§ Work task: Beginning with the line containing "The first book" and going on through the line containing "Point-Of-Care Ultrasonography for", the lines below are to be returned exactly, pictures excluded and nothing added.

§ Records provided:
======
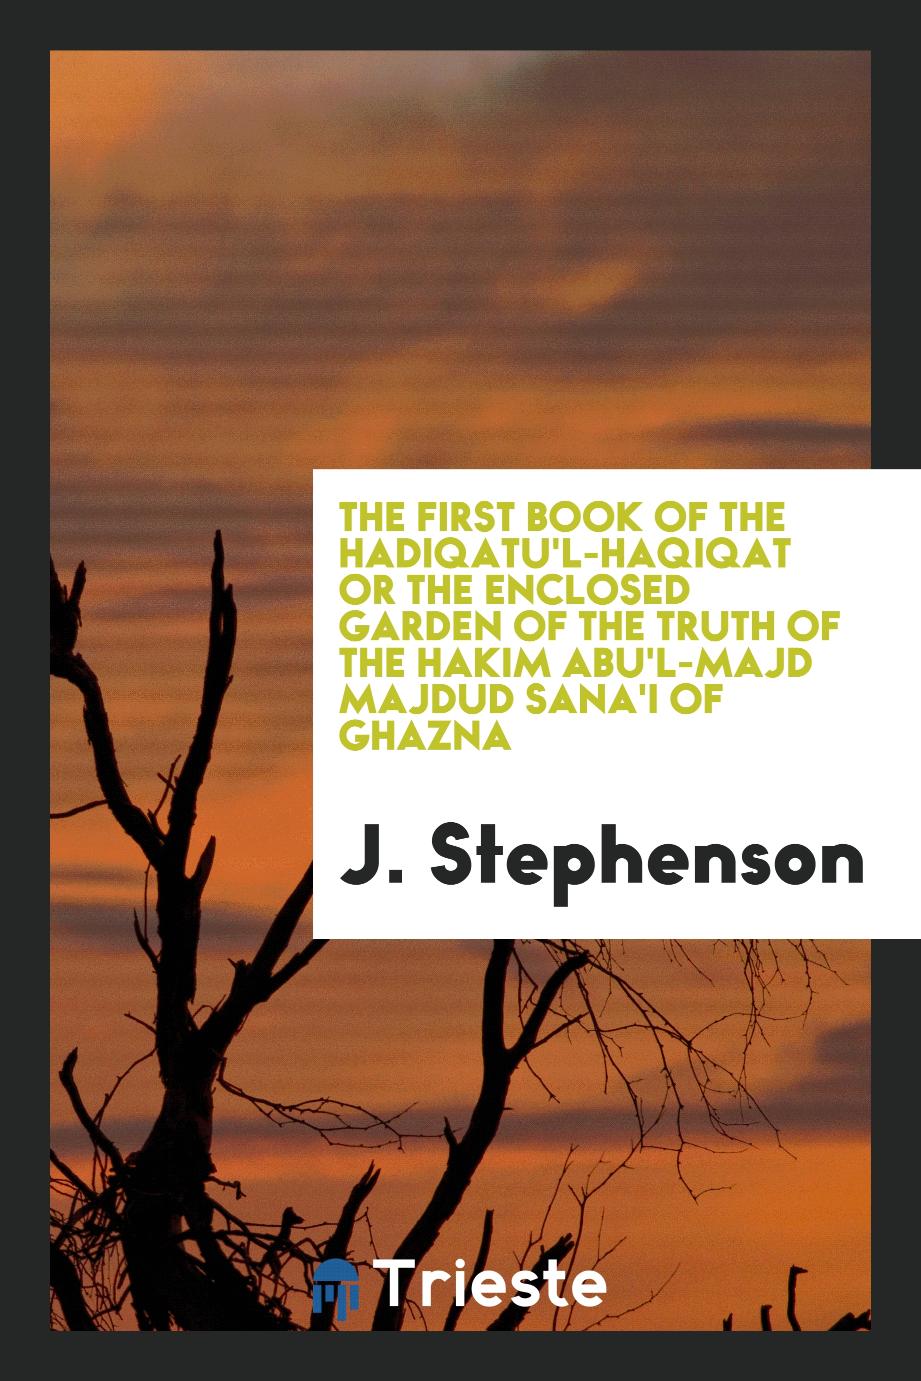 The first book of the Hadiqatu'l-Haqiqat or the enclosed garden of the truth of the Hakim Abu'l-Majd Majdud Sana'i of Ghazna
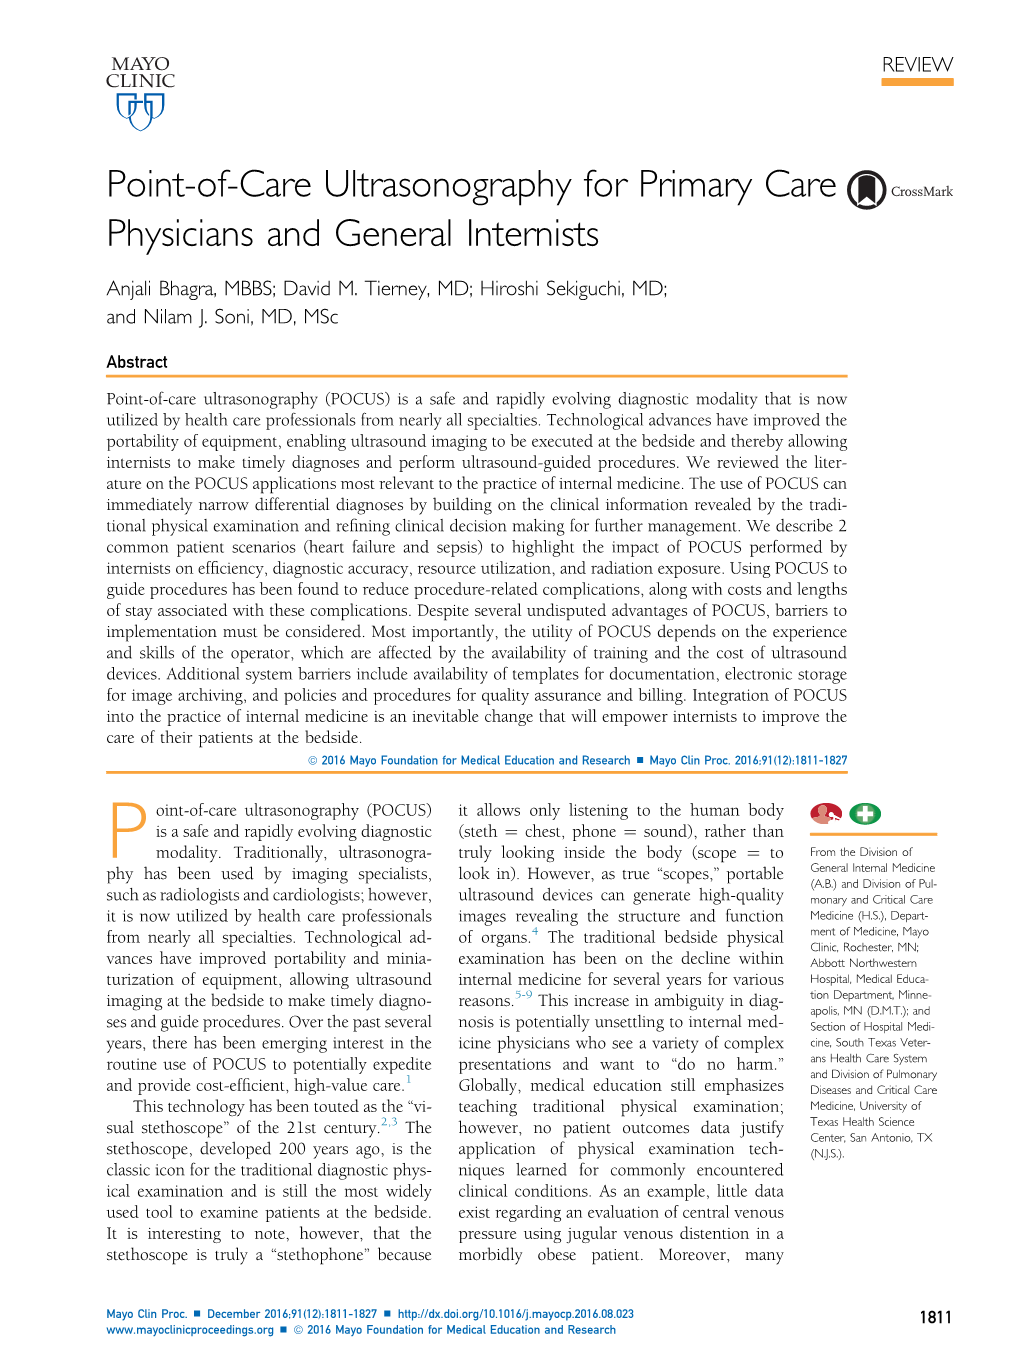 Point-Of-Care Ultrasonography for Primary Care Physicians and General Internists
======
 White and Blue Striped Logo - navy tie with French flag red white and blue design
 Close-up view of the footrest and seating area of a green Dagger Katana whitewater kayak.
======
§ Solution for this exercise:
 The first book of the Hadiqatu'l-Haqiqat or the enclosed garden of the truth of the Hakim Abu'l-Majd Majdud Sana'i of Ghazna
 Point-Of-Care Ultrasonography for Primary Care Physicians and General Internists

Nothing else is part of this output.